DATA FOR PROCESSING START

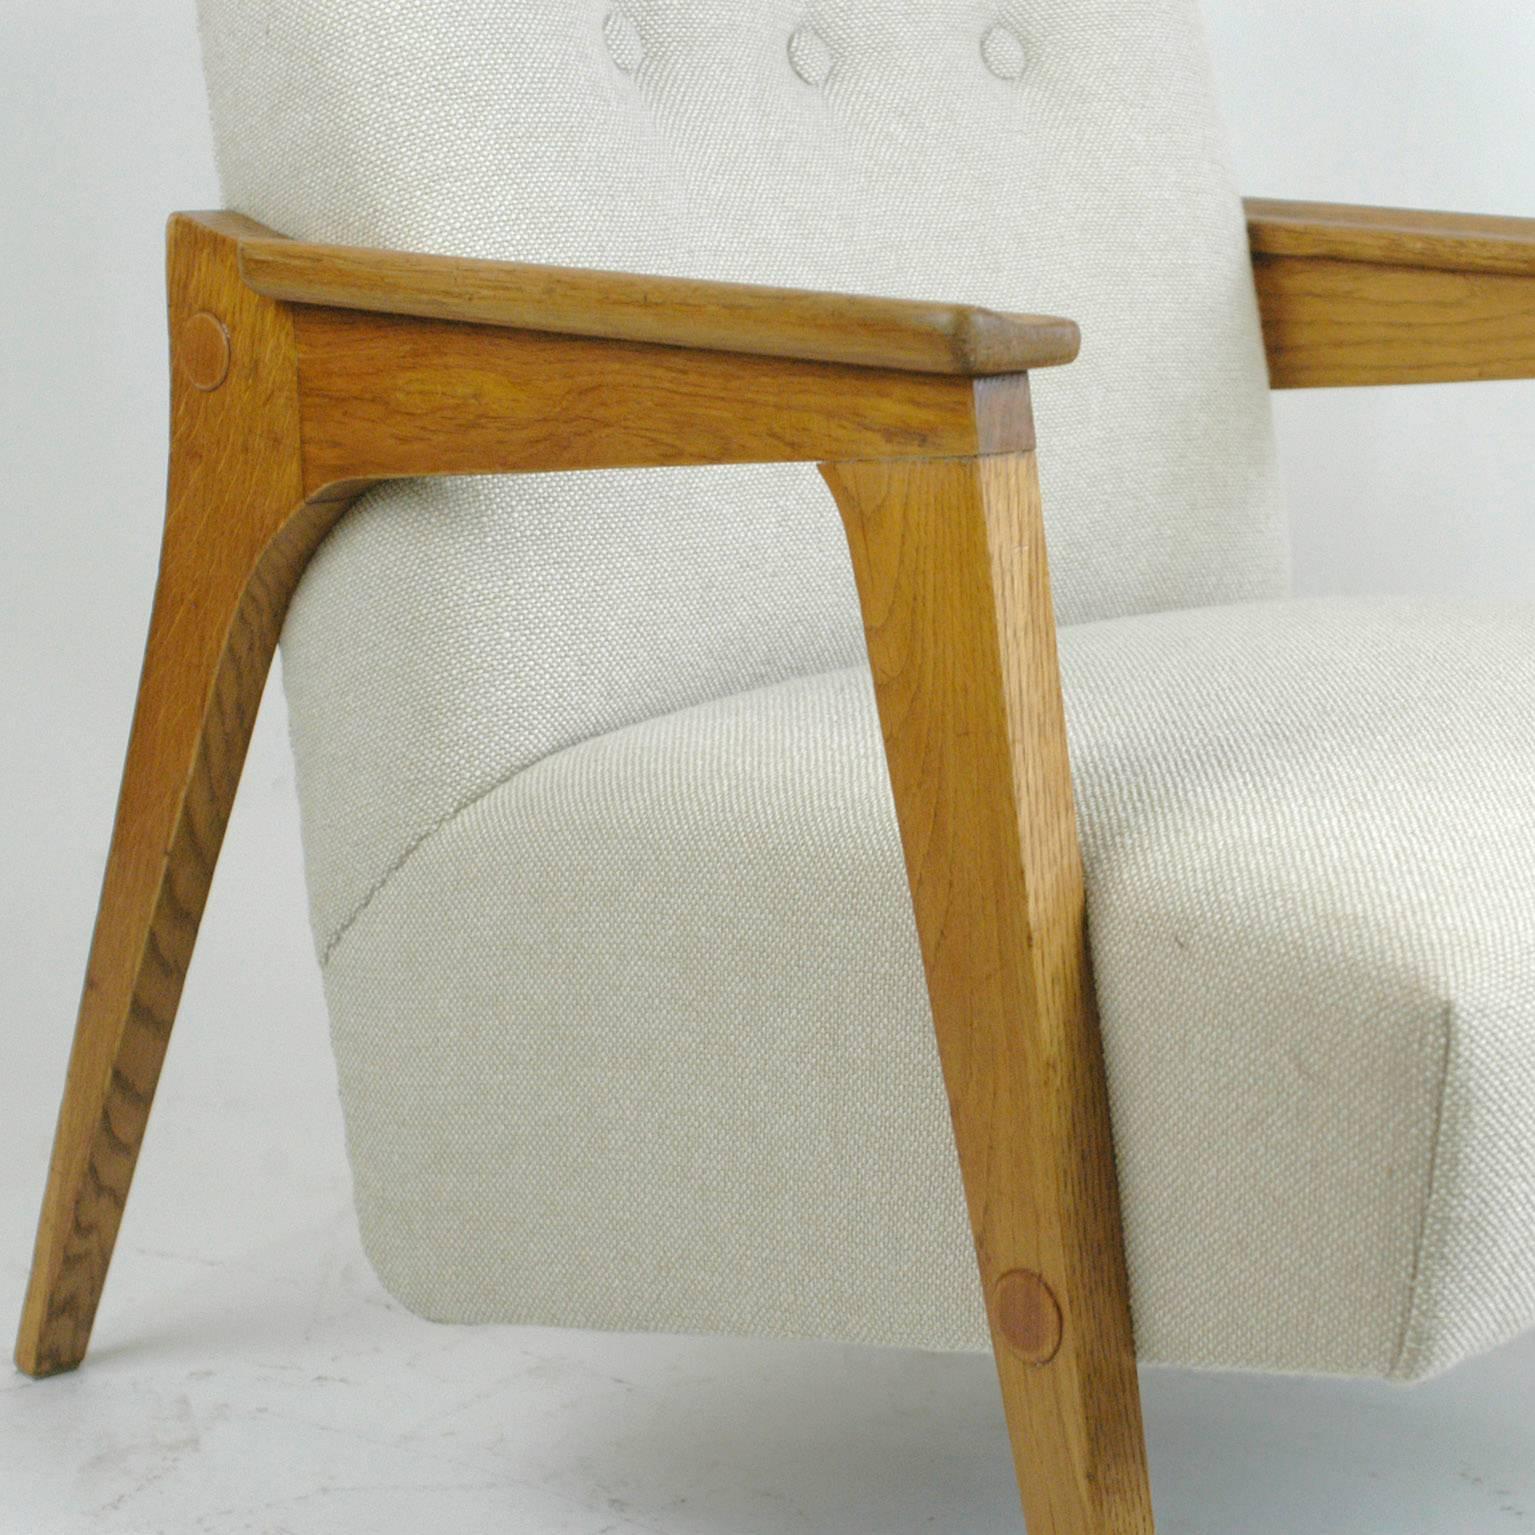 Amazing and comfortable oak armchair designed by the Austrian Post War architect Oskar Riedel. Wooden frame and new upholstery with top quality fabric by Kvadrat Denmark.
Together with the well known Architects Roland Rainer and Oswald Haerdtl
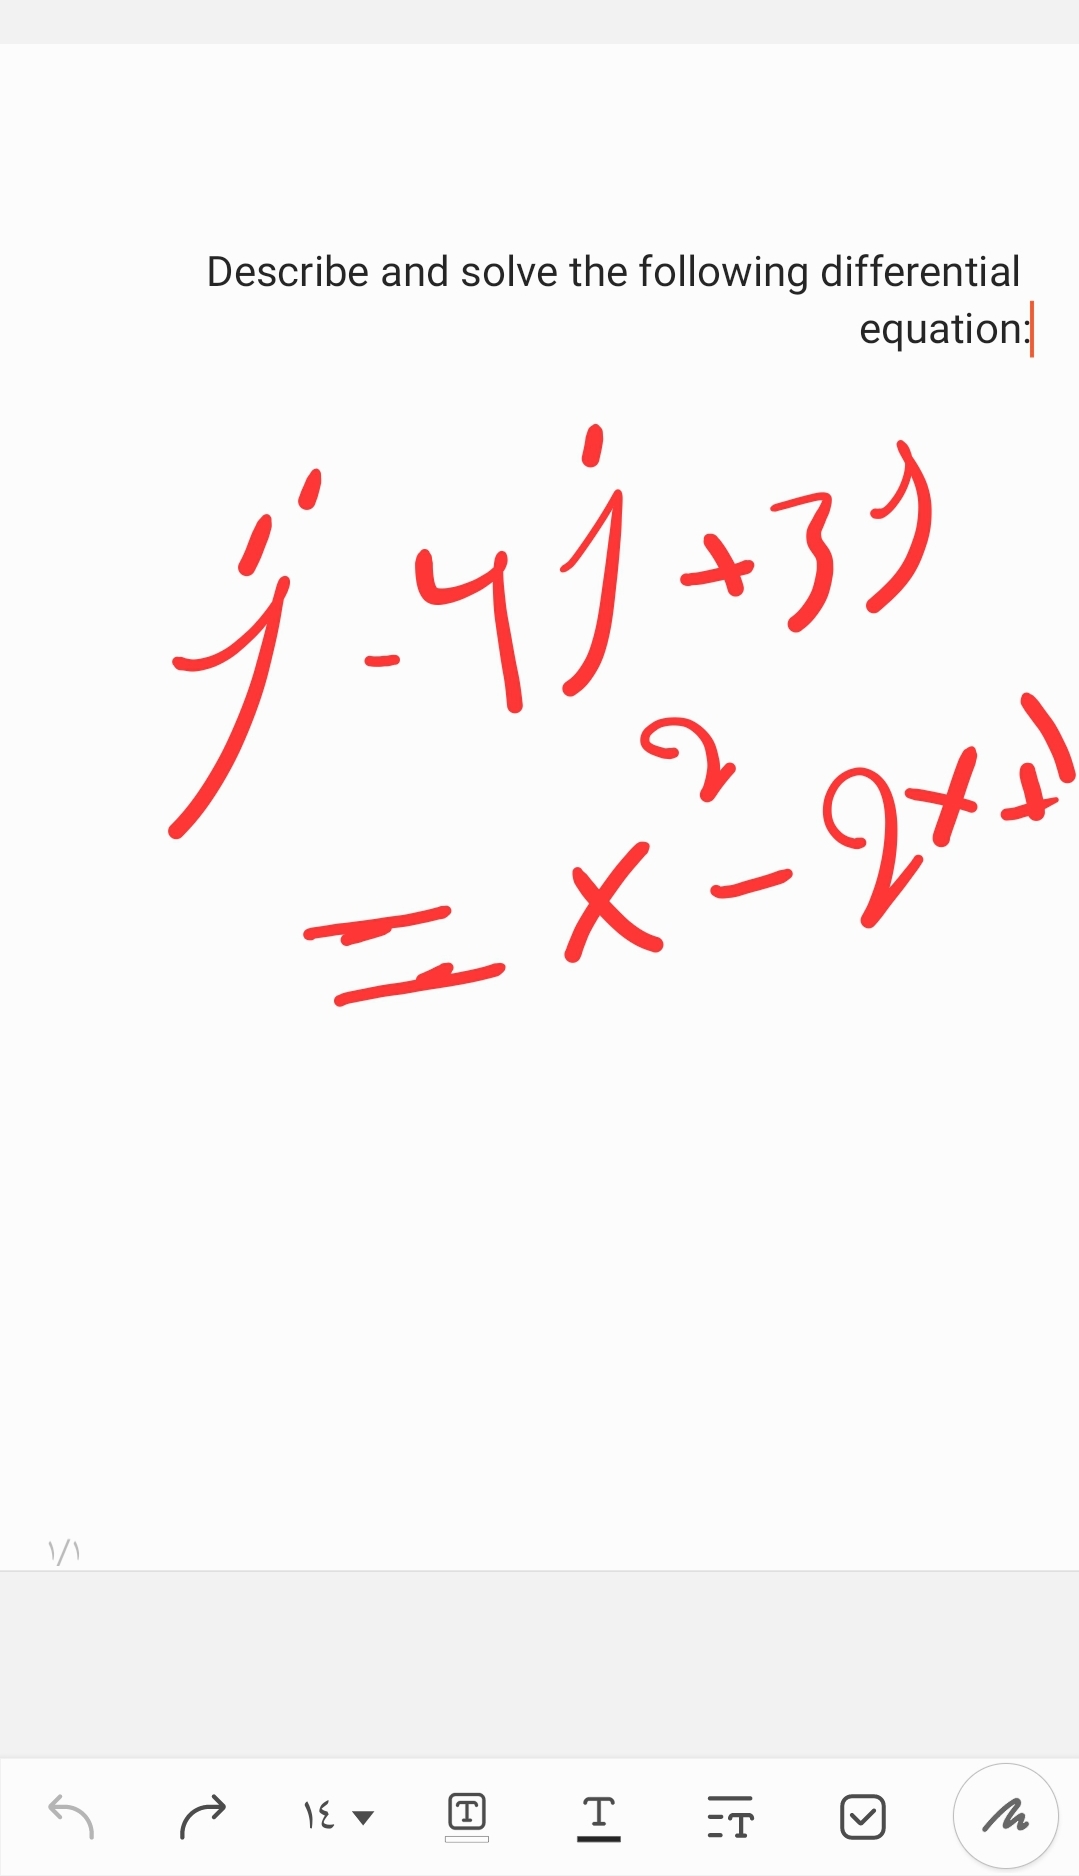 Describe and solve the following differential
₤-41 +3)
equation:
=x=2x+1
۱/۱
12-
[T
O
Τ
e|
Τ
TH
>
M

DATA FOR PROCESSING END

**TASK DETAILS**. Before you finish, make sure every line above has been repeated exactly and no picture remains in the copy.

**EXERCISE RESULT**.
 Amazing and comfortable oak armchair designed by the Austrian Post War architect Oskar Riedel. Wooden frame and new upholstery with top quality fabric by Kvadrat Denmark.
Together with the well known Architects Roland Rainer and Oswald Haerdtl
 Describe and solve the following differential
₤-41 +3)
equation:
=x=2x+1
۱/۱
12-
[T
O
Τ
e|
Τ
TH
>
M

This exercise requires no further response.